Note that activation of the virtual environment typically removes access to libraries installed globally. That is, inside the virtual environment, the developer starts with a fresh and clean environment with a bare compiler. That is actually a very sane decision as it ensures that system-wide installation does not affect the project-specific environment.

In other words, it improves on reproducibility of the whole setup. It also means that the developer needs to specify every dependency into the configuration file even if the dependency can be considered as one of those that are usually present everywhere.

Virtual environment for Python (a.k.a. virtualenv or venv)

To try installing Python packages safely, we will first setup a virtual environment for our project. Fortunately, Python has built-in support for creating a virtual environment.

We will demonstrate this on the following example:

#!/usr/bin/env python3

import argparse
import shutil
import sys

import fs

class FsCatException(Exception):
    pass

def fs_cat(filesystem, filename, target):
    try:
        with fs.open_fs(filesystem) as my_fs:
            try:
                with my_fs.open(filename, 'rb') as my_file:
                    shutil.copyfileobj(my_file, target)
            except fs.errors.FileExpected as e:
                raise FsCatException(f"{filename} on {filesystem} is not a regular file") from e
            except fs.errors.ResourceNotFound as e:
                raise FsCatException(f"{filename} does not exist on {filesystem}") from e
    except Exception as e:
        if isinstance(e, FsCatException):
            raise e
        raise FsCatException(f"unable to read {filesystem}, perhaps misspelled path or protocol ({e})?") from e


def main():
    args = argparse.ArgumentParser(description='Filesystem cat')
    args.add_argument(
        'filesystem',
        nargs=1,
        metavar='FILESYSTEM',
        help='Filesystem specification, e.g. tar://path/to/file.tar'
    )
    args.add_argument(
        'filename',
        nargs=1,
        metavar='FILENAME',
        help='File path on FILESYSTEM, e.g. /README.md'
    )

    config = args.parse_args()

    try:
        fs_cat(config.filesystem[0], config.filename[0], sys.stdout.buffer)
    except FsCatException as e:
        print(f"Fatal: {e}", file=sys.stderr)
        sys.exit(1)

if __name__ == "__main__":
    main()

Save this snippet into fscat.py and set the executable bit. Note that fs.open_fs is able to open various filesystems and access files on them like if you use the builtin Pythonic open.
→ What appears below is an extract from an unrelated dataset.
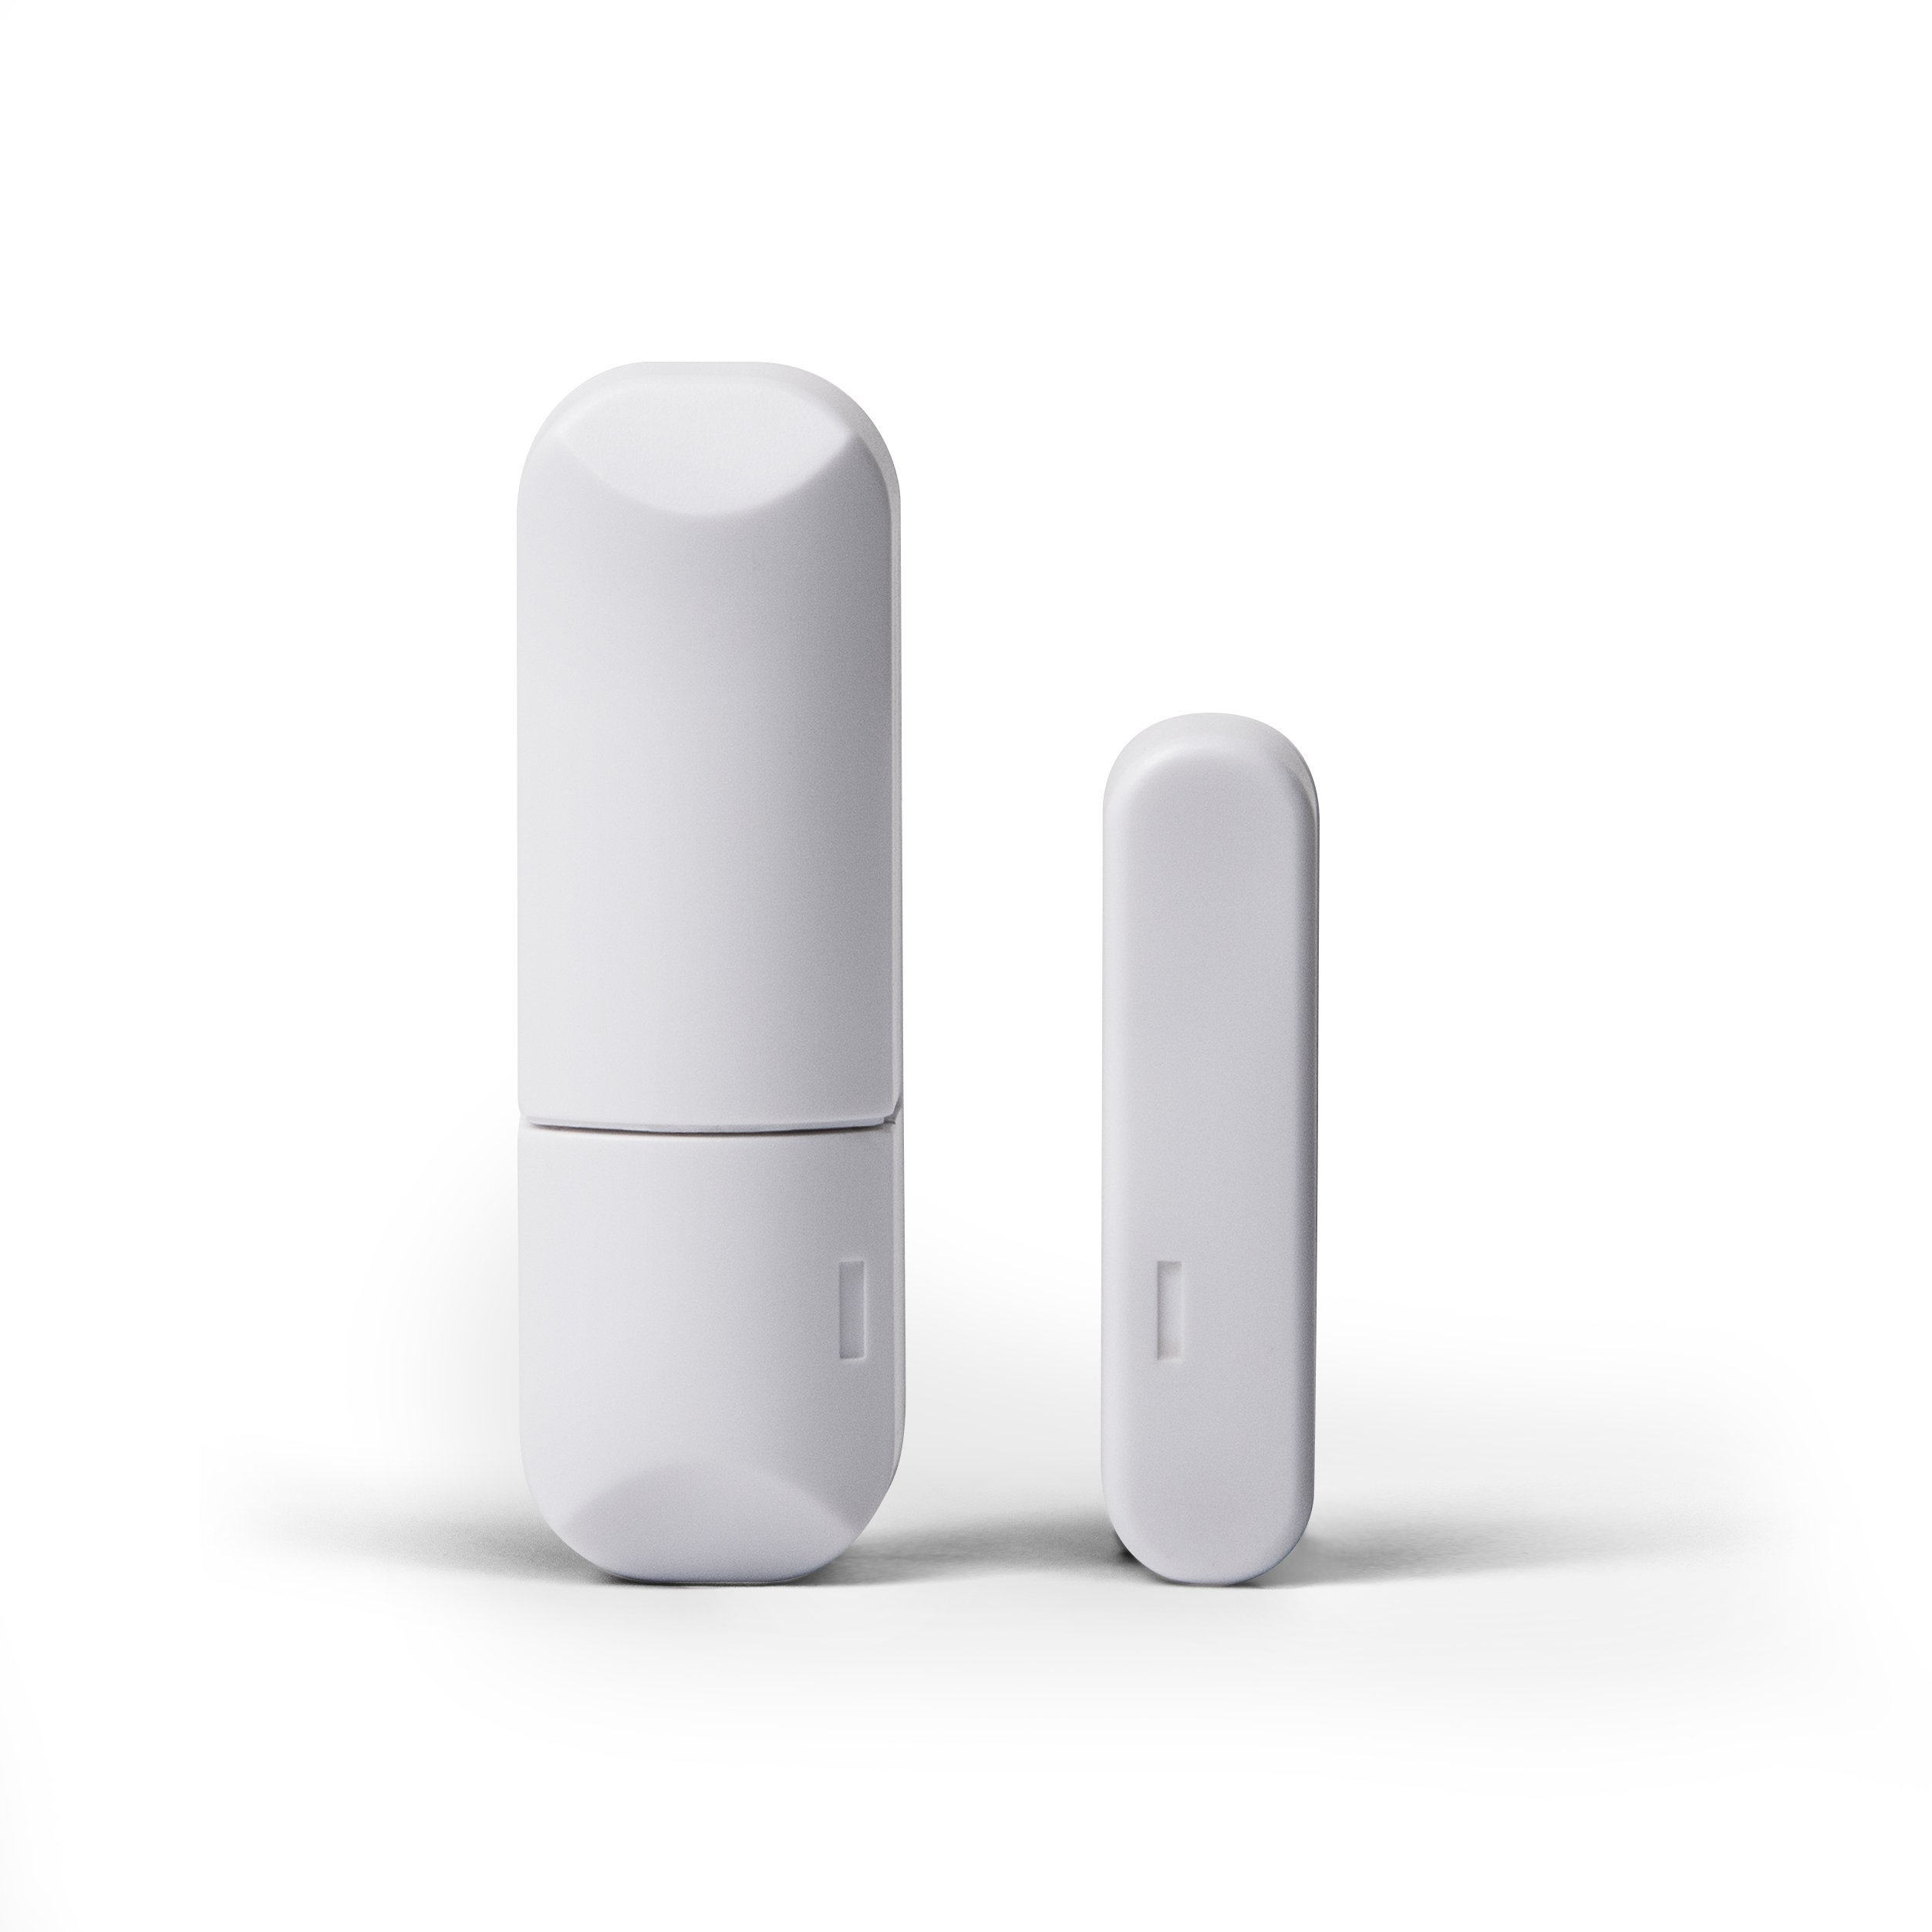 Iris Contact Sensor by Iris Smart Home Management

In our program, we provide path to a filesystem and a file (residing on this filesystem) to print to the screen (hence the name, fscat as it simulates cat inside a different filesystem).

Make sure you understand the whole program before continuing.

Try running the fscat.py program.

Unless you have already installed the python3-fs package system-wide, it should fail with ModuleNotFoundError: No module named 'fs'. The chances are that you do not have that module installed.

If you have installed the python3-fs, uninstall it now and try again (just for this demo). But double-check that you would not remove some other program that may require it.

We could now install the python3-fs with DNF but we already described why that is a bad idea. We could also install it with pip globally but that is not the best course of action either.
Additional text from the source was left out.